- [Problem to solve]: Nothing but the lines from the one holding "ОДГОВОР МИНИСТРУ ДРЖАВНЕ" to the final line of the listing below, both included, should be repeated, and each must match exactly. Omit pictures.

- [Input data]:
*** Block opens ***
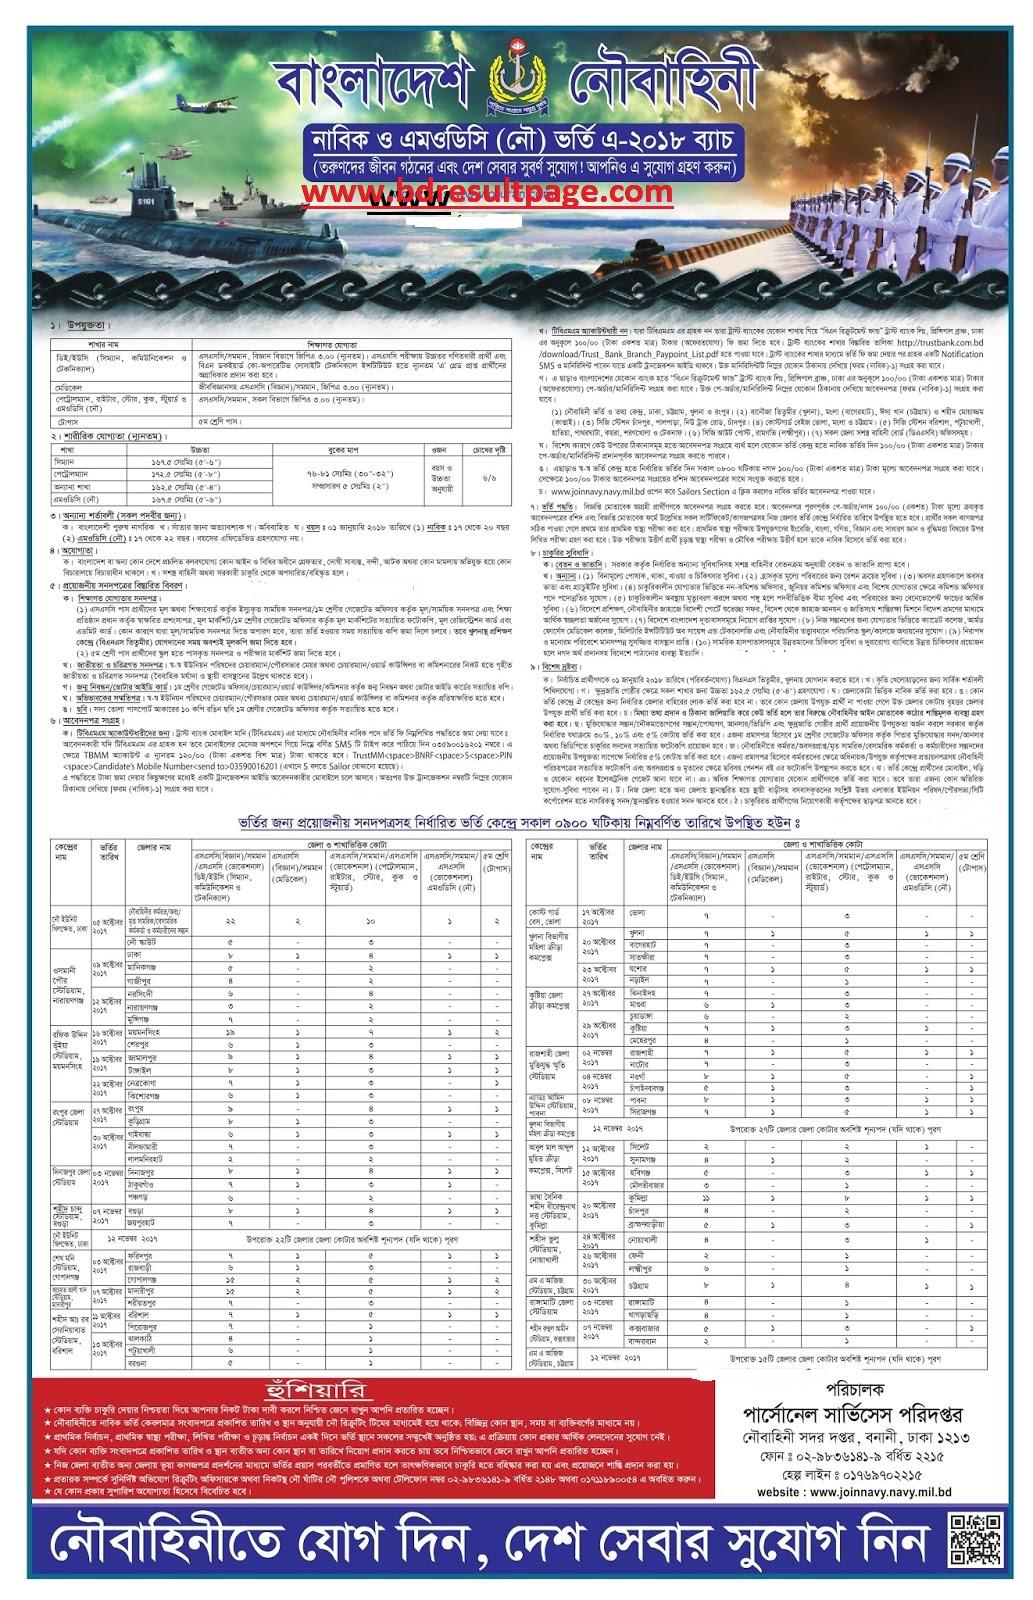 Bangladesh Navy Job OpportunitySeptember 2017
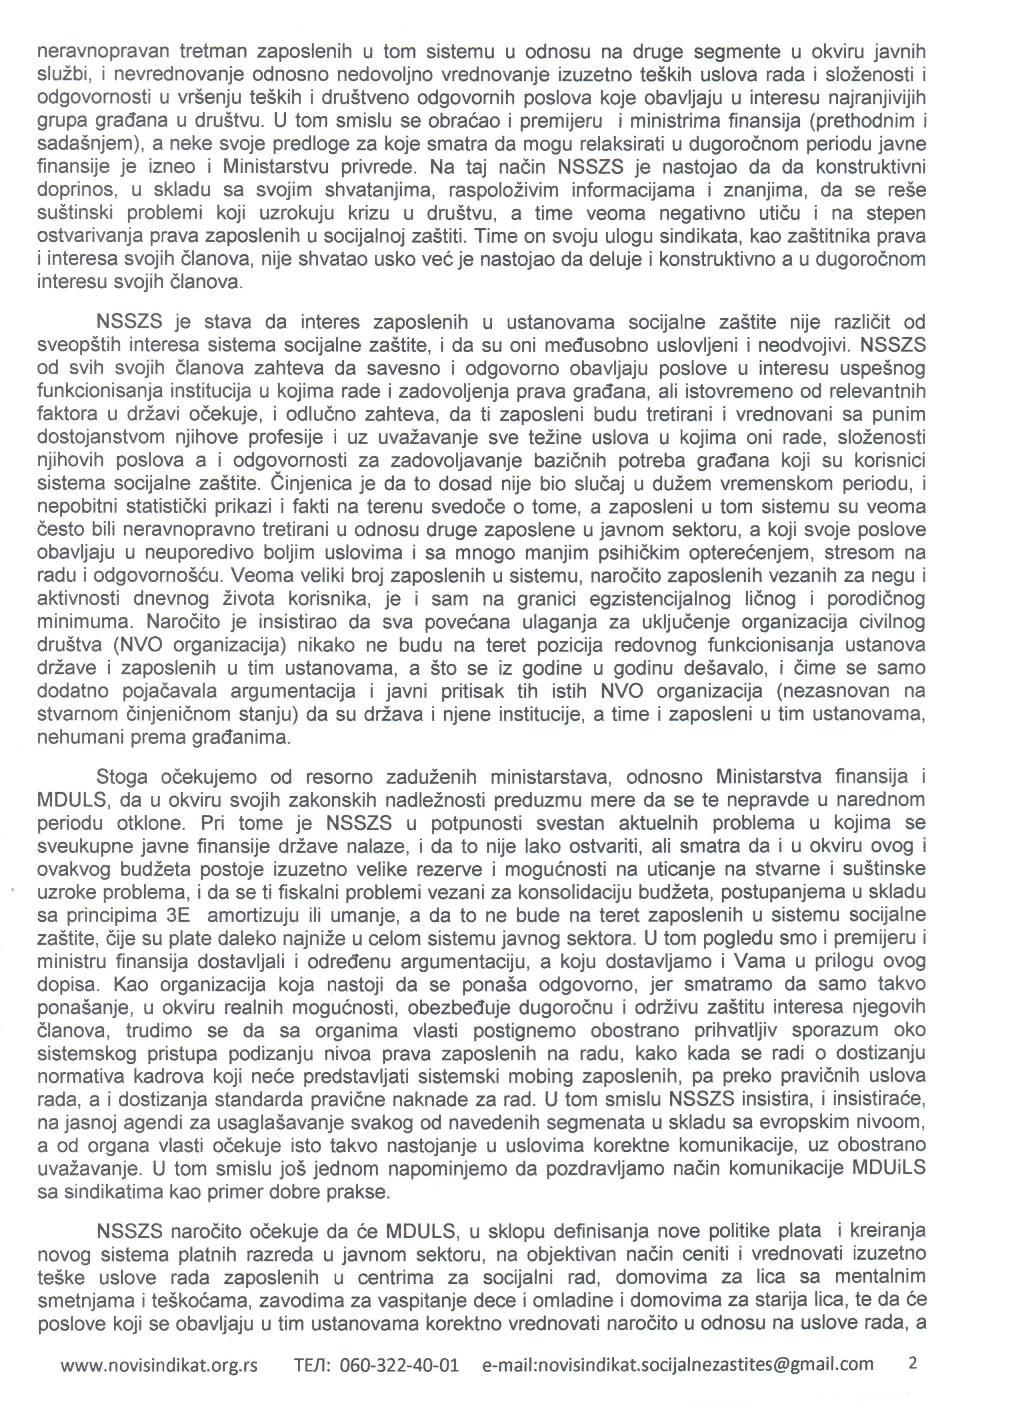 ОДГОВОР МИНИСТРУ ДРЖАВНЕ УПРАВЕ И ЛОКАЛНЕ САМОУПРАВЕ - 2
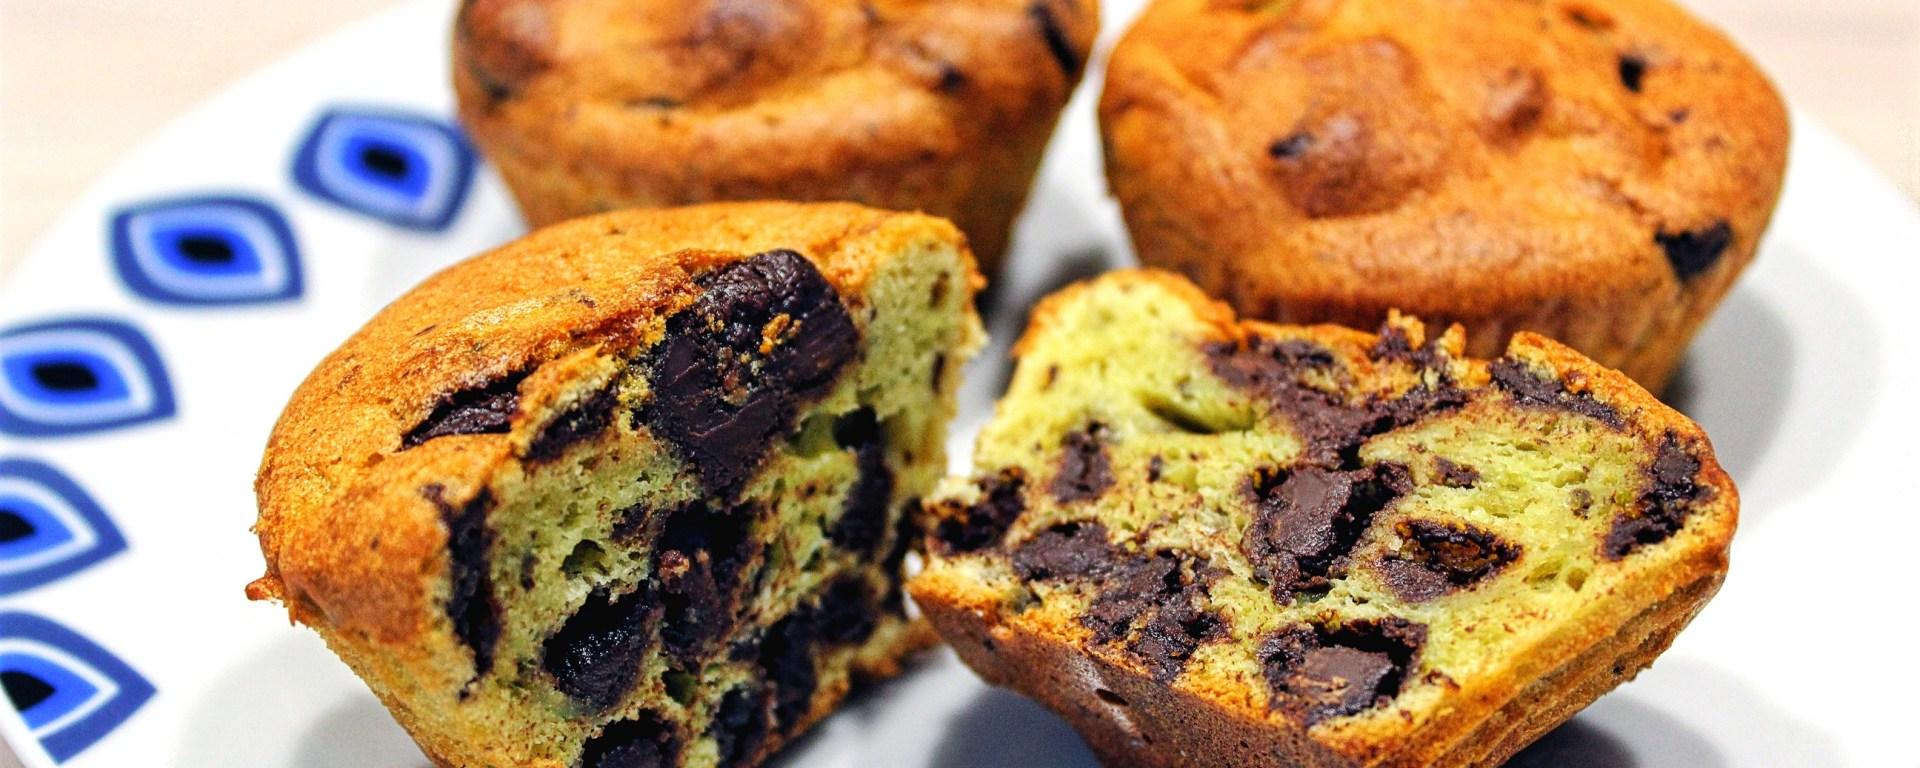 Délicimô ! - Recette Muffins Express à l'Avocat et au Chocolat - www.delicimo.fr
*** Block closes ***
- [Response to this exercise]:
 ОДГОВОР МИНИСТРУ ДРЖАВНЕ УПРАВЕ И ЛОКАЛНЕ САМОУПРАВЕ - 2
 Délicimô ! - Recette Muffins Express à l'Avocat et au Chocolat - www.delicimo.fr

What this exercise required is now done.